On December 16, the Pakistani General Niazi surrendered to the Indian commander General Arora. Bangladesh was victorious. Bangabandhu returned home to adulation of the entire nation.
“I laid my weapon at the feet of Bangabandhu,” recalls Kader Siddiqui. “I had taken up arms when my country needed me. When I no longer needed it, I laid it at the feet of my leader. This also meant that weapons were subordinate to the political leadership. It indicated my belief that we would be ruled by our elected representatives and not by the barrel of a gun. But unfortunately, my dream of a true democracy was dashed again and again.”
The war had been won, but the peace did not promise to be easy. The nation fought in 1971 to throw off the yoke of oppression. They dreamt of a society free of exploitation and extremist dogma. The war was won almost four decades ago. But the aims of the war of liberation are yet to be achieved.
“During the war we managed to rise above petty divisions and unite behind a common cause,” says
Photo: Naibuddin Ahmed
Kader Siddiqui. “That was the secret behind our victory. In an independent country, 38 years after liberation, there should not be any question of pro-liberation or anti-liberation force. There should be unity. I am very clear about this. Those who actively worked against liberation in 1971 should not be in politics. Those who committed war crimes should be tried and punished. By the same token, no one who has been born in independent Bangladesh should be labeled anti-liberation. We must find our common humanity. That for me is the true spirit of the War of Liberation. ”
Lt General (retd) Mir Shaukat Ali believes that victory shows us our strength as a nation. “That should be our guiding principle. With a ragtag band of farmers, we managed to defeat one of the world’s modern armies. Once we are united, we can be as strong as anybody. We should know our own strength.”

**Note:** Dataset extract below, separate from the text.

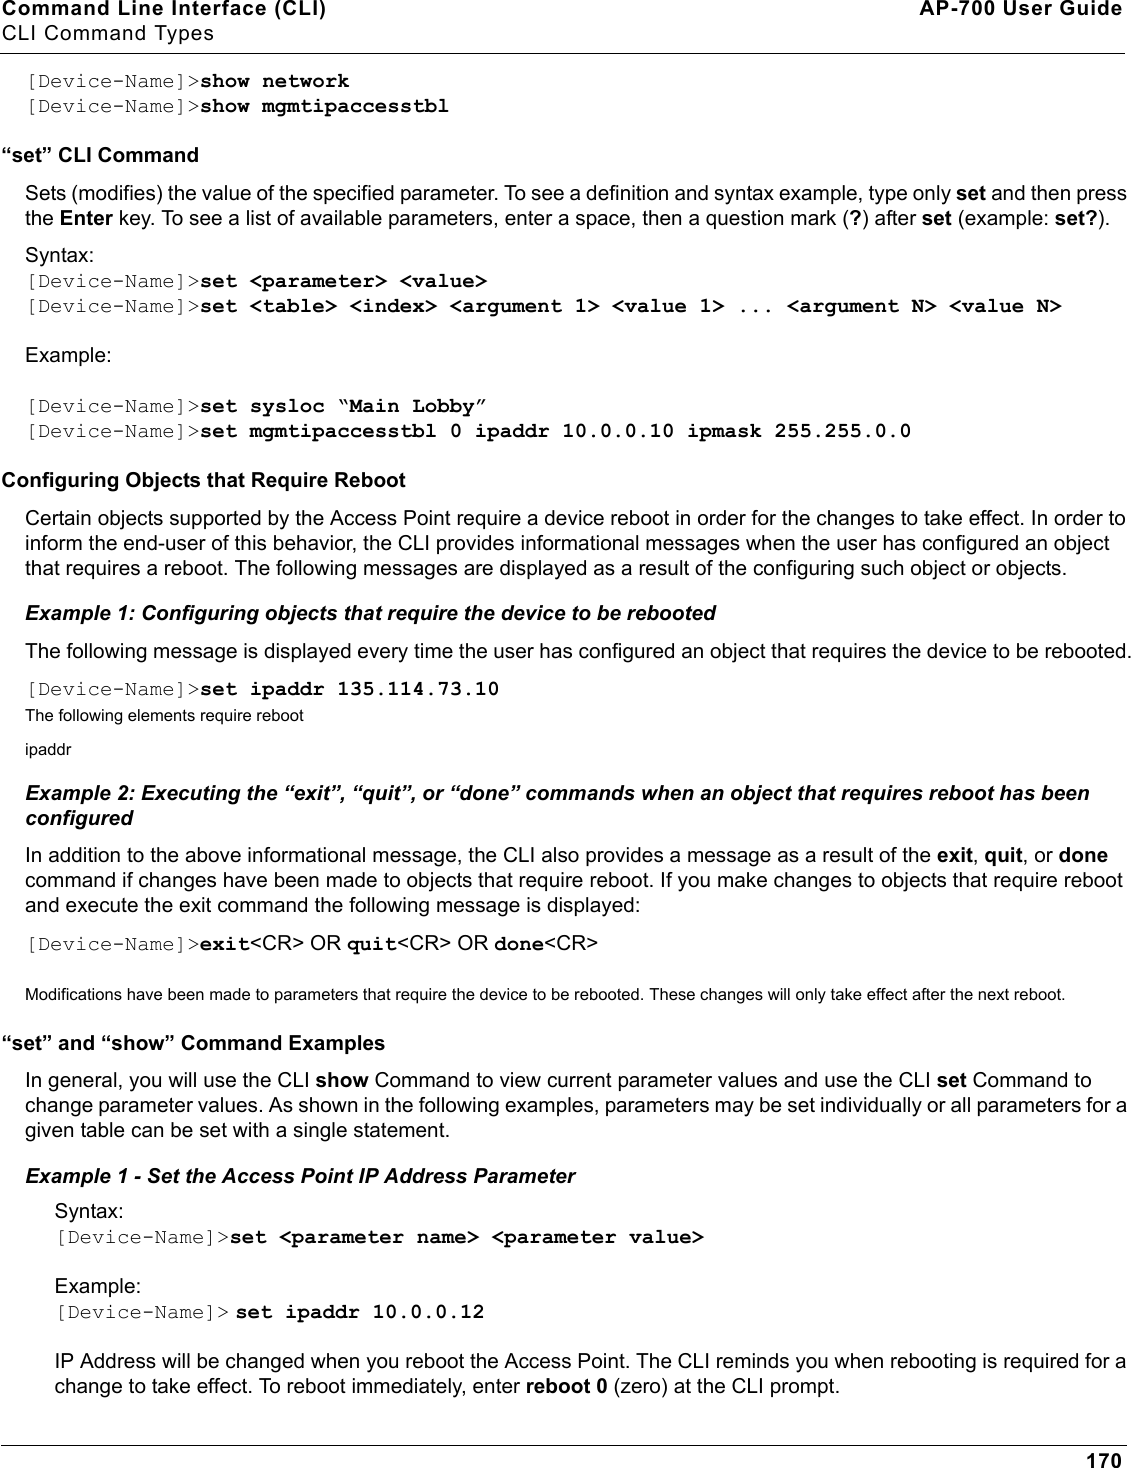 Proxim Wireless AP700 Wireless Access Device User Manual APs UG

Victory in 1971 was achieved at a monumental cost in terms of lives and treasure. The martyrs of the war of liberation died so that we might live as free men. They defended freedom against fearsome odds — that will be their lasting legacy.
Triumph and Tragedy
As told by Major General (retd) Moinul Hossain Chowdhury
The dawn that followed the dark and frigid night of December 2, 1971, was foggy, dreary, and foreboding to the troops of the 2nd East Bengal Regiment dug in their positions along the front line between Mukundpur and Azampur near Akhaura, a distance of approximately 2 miles, facing the defensive structures of the Pakistani army. The area was held by Pakistan army’s famed 12 FF Regiment.
I looked around at my comrades in arms, and knew that I would be sending many of them in harm’s way. But our mission was clear: we had to clear the area up to Brahmanbaria. That would pave the way for the Indian army to enter and move towards Bhairab.
At 11.45 PM, according to arrangement, the heavy guns opened up on the Indian side of the border. The Indian artillery gunners started a devastating barrage aimed at the 12 FF. Under cover of artillery we advanced rapidly and engaged the enemy.
The fog cut down visibility and the conditions were tough. We closed on their position and sent withering fire into their trenches. The staccato rattle of LMGs and rifles was interspersed with the occasional boom of mortars.
Soon we were fighting a pitched battle at close quarters. We pushed them back and continued to advance. I put lieutenant Badiuzzaman in charge of one of the trenches, and ordered others to press on. But within minutes a fierce counter attack started. As I crawled up, Badiuzzaman left his trench. “We should fall back, sir!” he shouted. “No, hold the position until the rest of the company can catch up,” I yelled back. He obeyed. I moved on to survey other positions. Moments later, an 81 mm mortar shell landed in his trench. Badiuzzaman embraced martyrdom on the spot.
We ran the 12 FF out of Akhaura the next day. The battle was won. But I had to bury my comrade in arms, Shahid Lieutenant Badiuzzaman.